This afternoon, Cherubim Interests Inc. issued a press
release announcing a series of carefully crafted initiatives designed to
enhance net stockholders’ equity.
“This package of initiatives will serve as a blueprint to
acquire and attract investment and equity into our company,” said Patrick
Johnson, CEO of Cherubim Interests Inc. “As we further prove our hybrid
business model, we will escalate our game-plan with the Forward Acquisition of
numerous undervalued assets and this program will only enhance the processes in
doing so.”
The company’s strategy was laid out as follows:
– maintain its public disclosure on OTC Markets by remaining
current in its filing obligations;
– amend its Articles of Incorporation and Corporate Bylaws
to create a series of Anti-Dilutive, Convertible Preferred Shares to protect
its majority stakeholders;
– insulate the stockholders from past, present, or future
dilution in the open market by providing these anti-dilutive securities as a
dividend payment;
– use convertible preferred securities as currency to
exchange its derivative liabilities that exist on the financial statements in
the form of affiliate and non-affiliate debt;
– execute an S-1 filing so that its new preferred
stockholders, who have converted into a predetermined amount of common stock,
can see their securities become free trading.

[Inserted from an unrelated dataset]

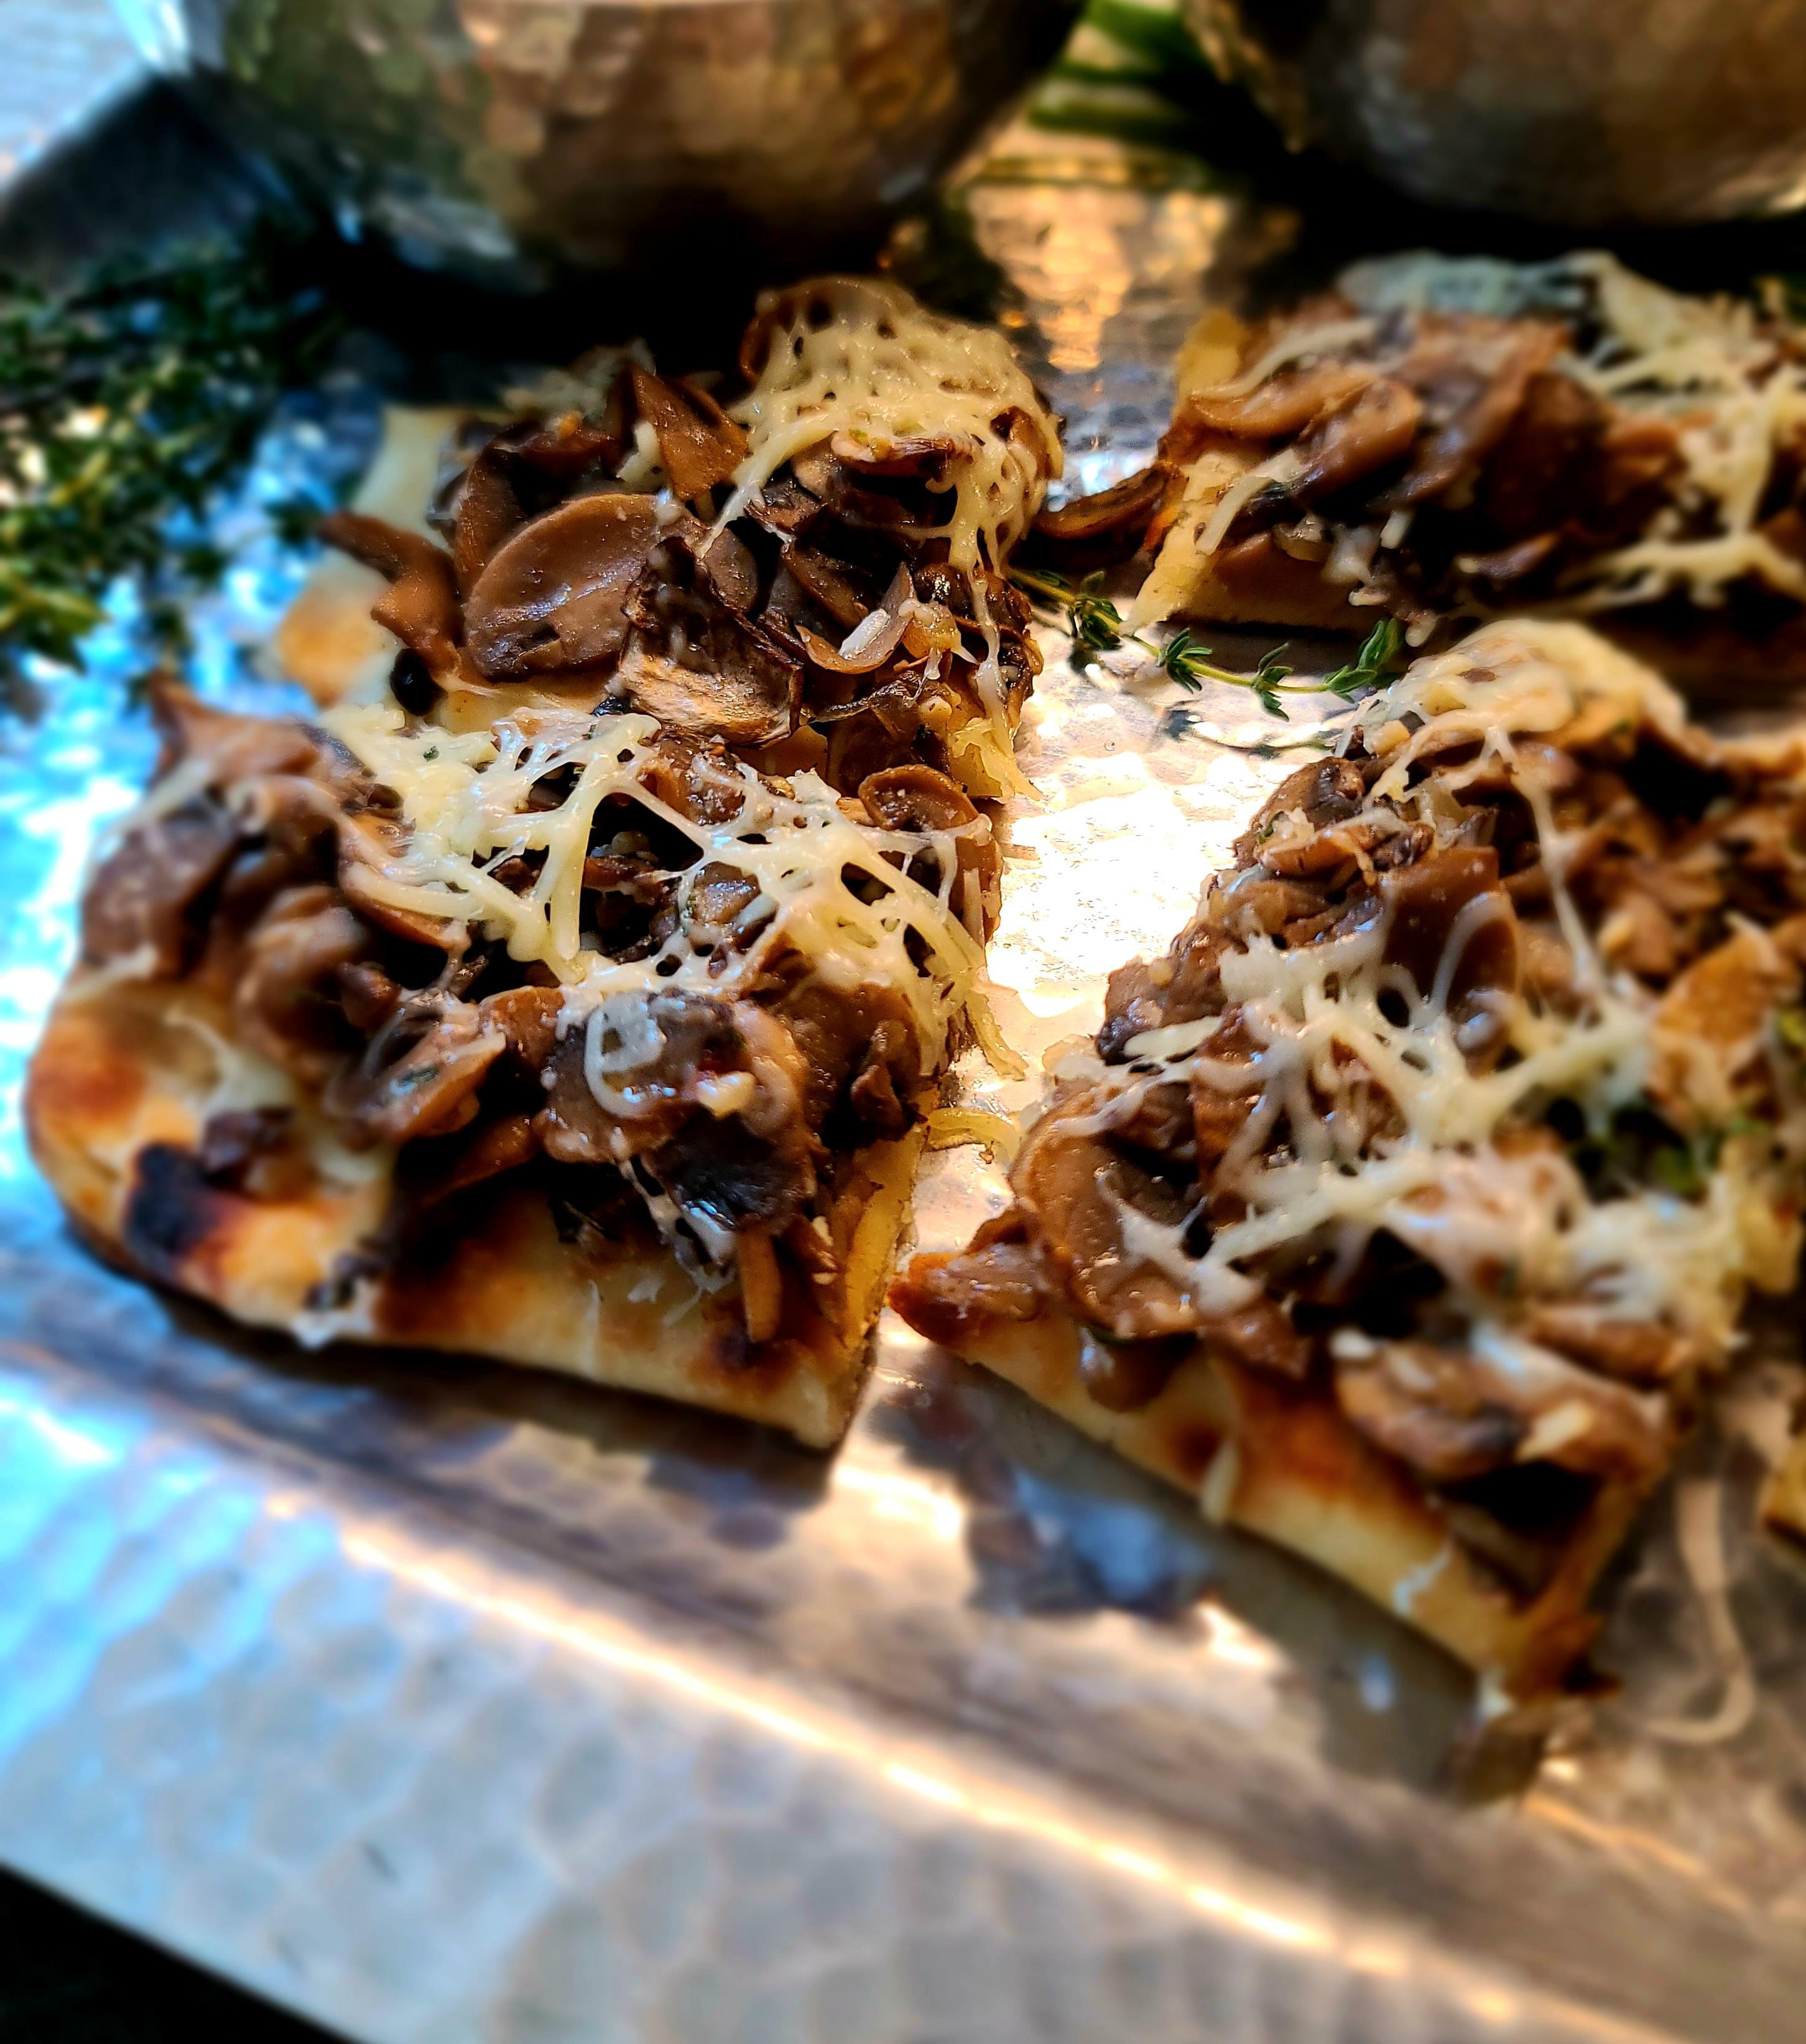 Mike's Mushroom Bread

According to the press release, securities will soon become
available to the common shareholders, pending FINRA approval. The equity
derivatives are restricted for one year and will turn into a predetermined
amount of common stock through issuance resolutions on the part of management,
and convert at the par value of the public company.
“We will further strengthen investor confidence by
committing ourselves to stock and cash dividends and by removing both affiliate
and non-affiliate debt as this program will build net stockholders’ equity on
the balance sheet and bolster current and future investor confidence,” added
Johnson.
It is expected that a significant portion of the company’s principal
affiliate debt will be retired for these instruments, while the interest will
be converted into restricted common stock. The defaulted interest portion of
the mature, secured, third-party non-affiliate debt will be assigned and
converted into equity by their bond holders to remove any future compounding
derivative liabilities on the balance sheet.
“This is a process we are committed to, and our resolve to
complete these milestones will be a function of effort, teamwork, and time,”
concluded Johnson. “Throughout this process we will maintain a transparent
dialogue with our investors as to the clarity of implementing those objectives.
And as we meet certain milestones, the investment community will be more
thoroughly aware of this through our disclosures and public records.”